/*================================================================================================
发送时间间隔是1.2秒
指示灯:接收灯上电后变红,收到数据后变绿,在3秒内未接收到数据则变红
发送灯上电后变红,发送数据变绿
*==================================================================================================*/
// Comment out the following line for nRF24E1
//#define NRF9E5 1
//卡号是916d47
#ifdef NRF9E5
#include <Nordic\reg9e5.h>
#define POWER 3 // 0=min power...3 = max power
#define HFREQ 1 // 0=433MHz, 1=868/915MHz
#define CHANNEL 351 // Channel number: f(MHz) = (422.4+CHANNEL/10)*(1+HFREQ)
#else
#include <reg24e1.h>
//#include<absacc.h>
//#include<stdlib.h>
#include<intrins.h>
//#include<stdio.h>
//#include<math.h>
#endif
#define uchar unsigned char
#define uint unsigned int
#define nop() _nop_()
sbit LED=P0^5;
sbit data0=P0^4;
sbit data1=P0^3;
sbit fsen=P1^0;
//static volatile uchar timer;
static volatile uchar t0lrel, t0hrel;
static volatile uchar t1lrel, t1hrel;
uchar a[3];
uchar ou_check=0;
uchar ji_check=0;
uchar count=0;
uchar count1=0;
uint count0=0;
bit over_flag=0;
bit over1_flag=0;
//bit over2_flag=0;
uchar code array[3]={0x91,0x6d,0x47};
#ifndef NRF9E5
struct RFConfig
{
unsigned char n;
unsigned char buf[15];
};
typedef struct RFConfig RFConfig;
#define ADDR_INDEX 8 // Index to address bytes in RFConfig.buf
#define ADDR_COUNT 4 // Number of address bytes
//暂时3个字节卡号无卡号的校验和
const RFConfig tconf =
{
15,
0x18, // Payload size transmitter Rx #2 (not used in this example)

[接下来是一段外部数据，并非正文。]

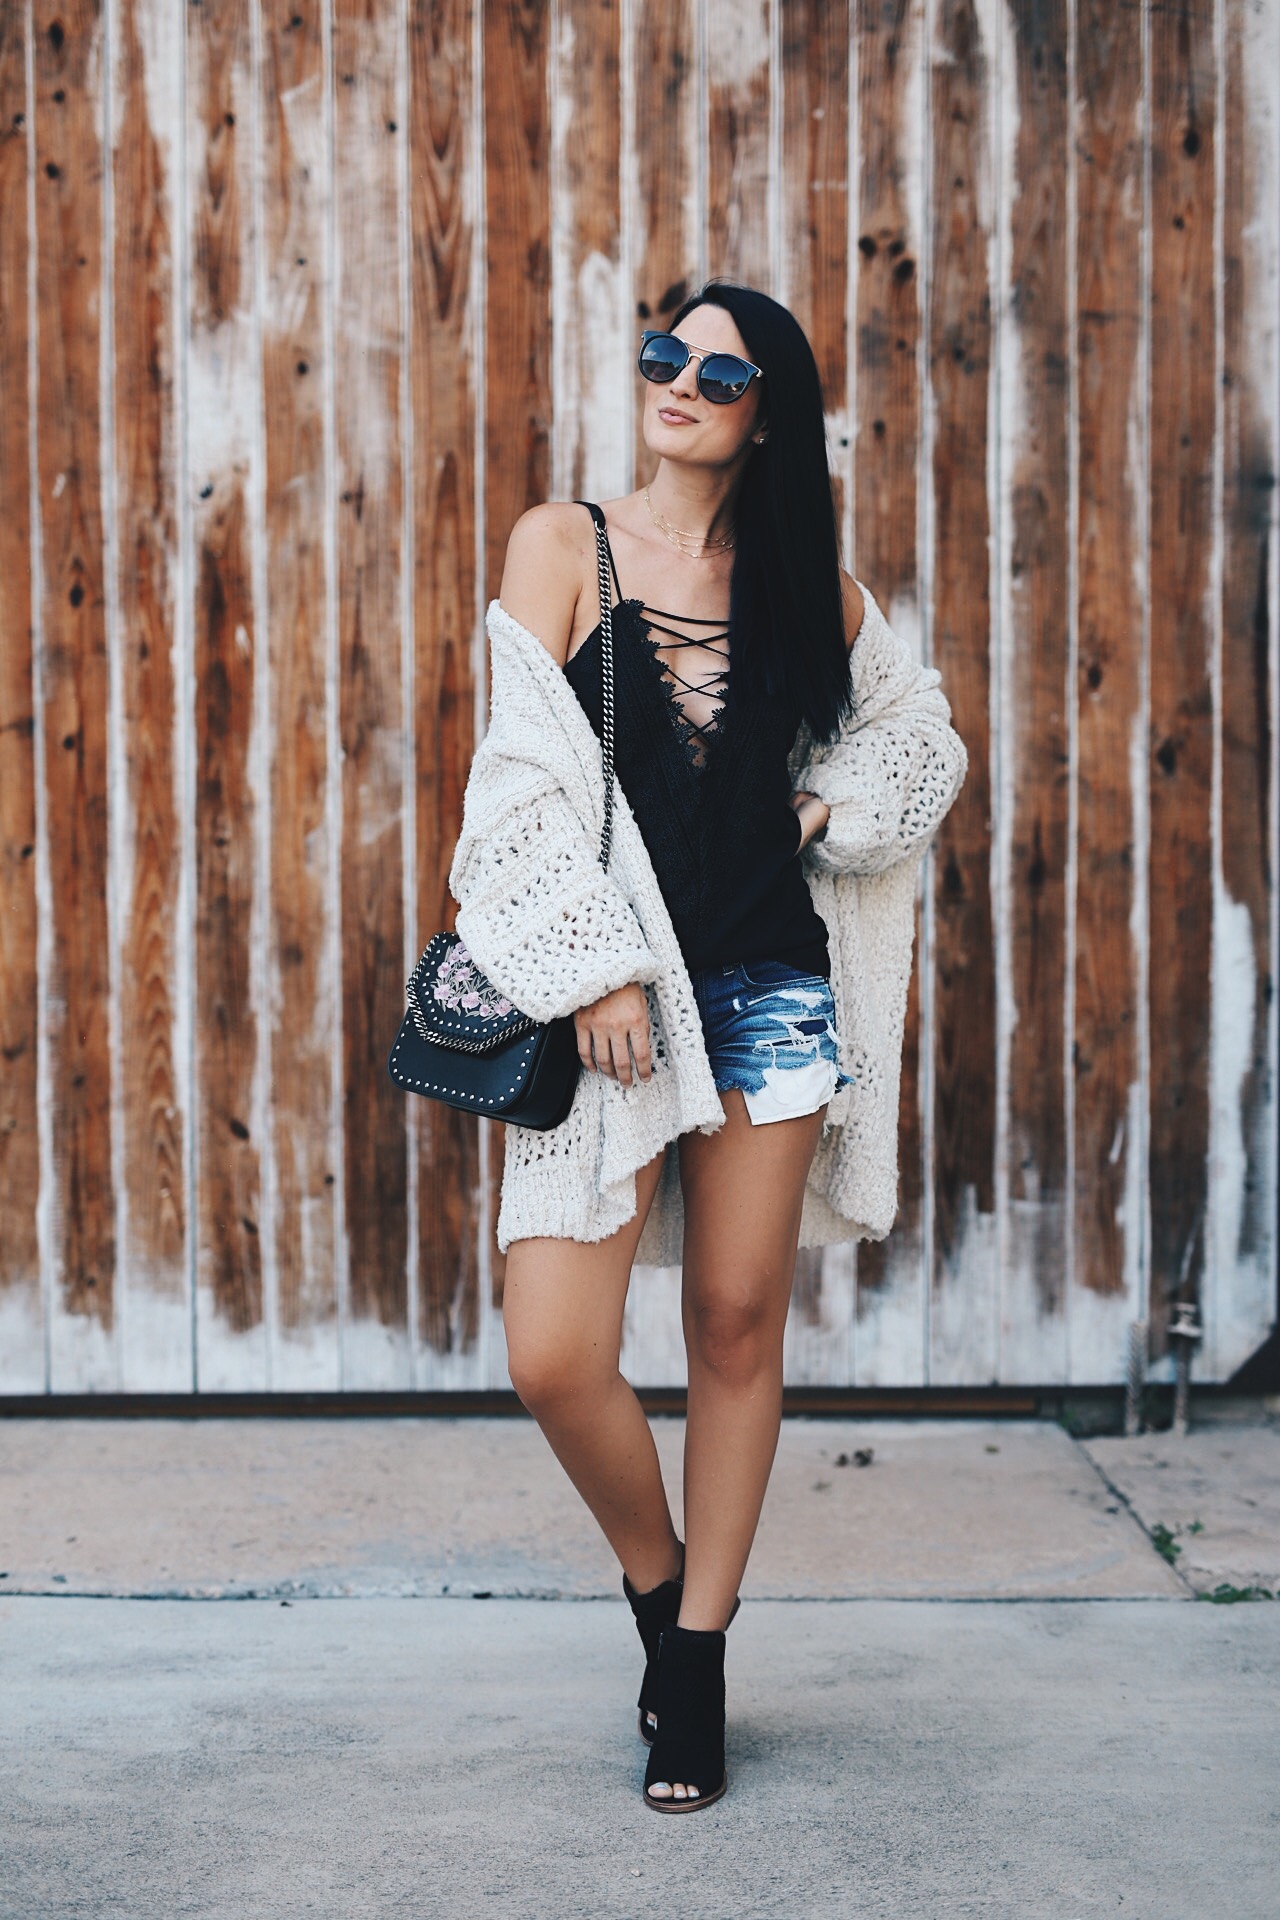 Tips to Easily Transition Your Summer Wardrobe to Fall with Nordstrom | summer to fall fashion pieces | summer to fall wardrobe | fall style ideas | transitioning seasonal wardrobes | how to style clothing from summer to fall | summer to fall style tips || Dressed to Kill

0x18, // Payload size transmitter Rx #1 (not used in this example)
0x00, 0x00, 0x00, 0x00, 0x00, // Address of transmitter Rx #2 (not used in this example)
0x00, 0x12, 0x34, 0x56, 0x78, // Address of transmitter Rx #1 (not used in this example)
0x81, 0x6f, 0x04
};
const RFConfig rconf =
{
15,
0x18, // Payload size receiver Rx #2 (not used in this example)
0x18, // Payload size receiver Rx #1
0x00, 0x00, 0x00, 0x00, 0x00, // Address receiver Rx #2 (not used in this example)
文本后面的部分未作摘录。